Worse, we can get stuck in a depressive rut in which we feel sorry for ourselves wondering why this must happen to us. The net effect of this kind of thinking is inertia: a loss of the physical and mental energy that we actually need to help tow us out of the muck.

To follow Eckhart’s suggestion, first accept the situation. This is not the same as saying you have no option. It is simply having the ability and the courage to recognise reality:

I have lost my job, she is gone, we have lost the deal and so on.

Secondly, engage the power of your thought processes. Losing your job is not the same as being unemployed. Getting divorced is not the same as being lonely and losing a business transaction is not the same as being bankrupt.

As Anthony J D’Angelo says, “if life doesn’t offer a game worth playing, invent a new one.” This means asking yourselves what else you can do based on your actual set of competencies. You can still see, speak and write. Interrogate yourself on the best use of your innate or nurtured talents for the situation at hand.

Steve Jobs was fired from his own company, Apple and that devastated him to the point where he met with David Packard of HP to apologise for having “failed” and “let down” the next generation of entrepreneurs in his field! All this happened at the very young age of thirty.

This did not, however, last for long and because he loved what he did, he set out to press the reset button and pick himself up. The rest is stuff of legend.

Next, try and do the same thing the thing that you love or are competent in, in a different way.

Einstein advises us that “you cannot solve a problem with the same consciousness that created it.”

This means changing your way of being.

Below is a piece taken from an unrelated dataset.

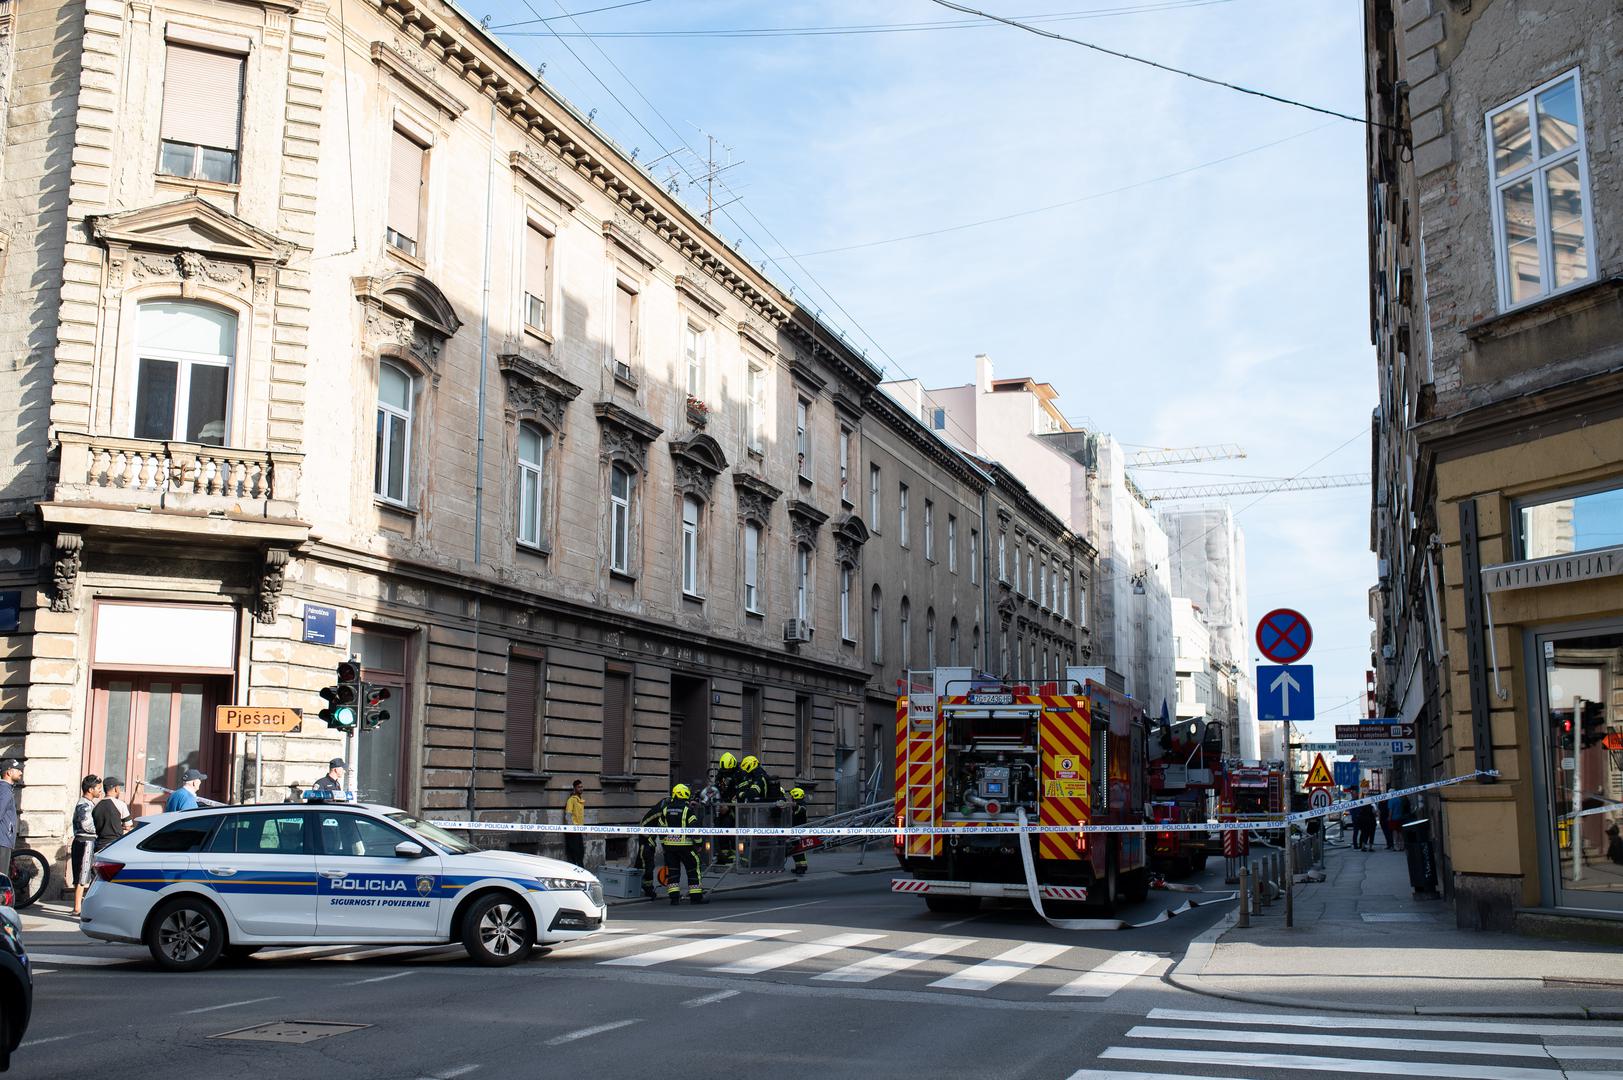 Kako saznaje 24sata požar je izbio u kuhinji jednog stana, a na intervenciju su izašli vatrogasci JVP Zagreb sa šest vozila.

I have heard of very successful business executives who, more than twenty years ago, could be heard shouting from the first floor by people walking on the ground floor in Harare’s first street. Steve Jobs was a screamer too, according to staff accounts.

Yet to get the best out of people and to stop losing talented people, business executives with a 180km per hour vision and energy, had to change their way of being to accommodate their staff huffing and puffing at a mere 6okm per hour.

Losing Apple was a huge wake up call for Jobs and I know the entrepreneur from Harare’s first street example has stood before all his executives on more than one occasion to say, it is my fault we lost such and such a deal.

Remember the saying, “if you keep doing what you have always done, you will keep getting what you have always got.” Make that change. When you do that, you have not only had the courage to recognise reality, you have acted on it too.

After that, simply keep trying. The moment you decide to achieve something, you automatically create an opportunity for failure. It is the yin and yang of life and you have to prevail on the side that gives you results.

Your day will weave in to darkness and daylight within the space of a few hours when you want to chuck the towel in or feel elated at the prospect of a successful deal only to be deflated an hour later. Keep trying.

You have to be the best you that you can be. Lessons from Steve Jobs and others are just that; lessons.

There is saying something to the effect do not be a faulty carbon copy of someone else when you can be a perfect you.

The Innerzela person is inspired first and disciplined second and for that inspiration to take place, you need to be you first. A last quote to end by Nisargadatta: “Realise that what you are, cannot be born nor die, and with all the fear gone, all suffering ends.”

Light a candle instead of cursing the darkness. I am trying too.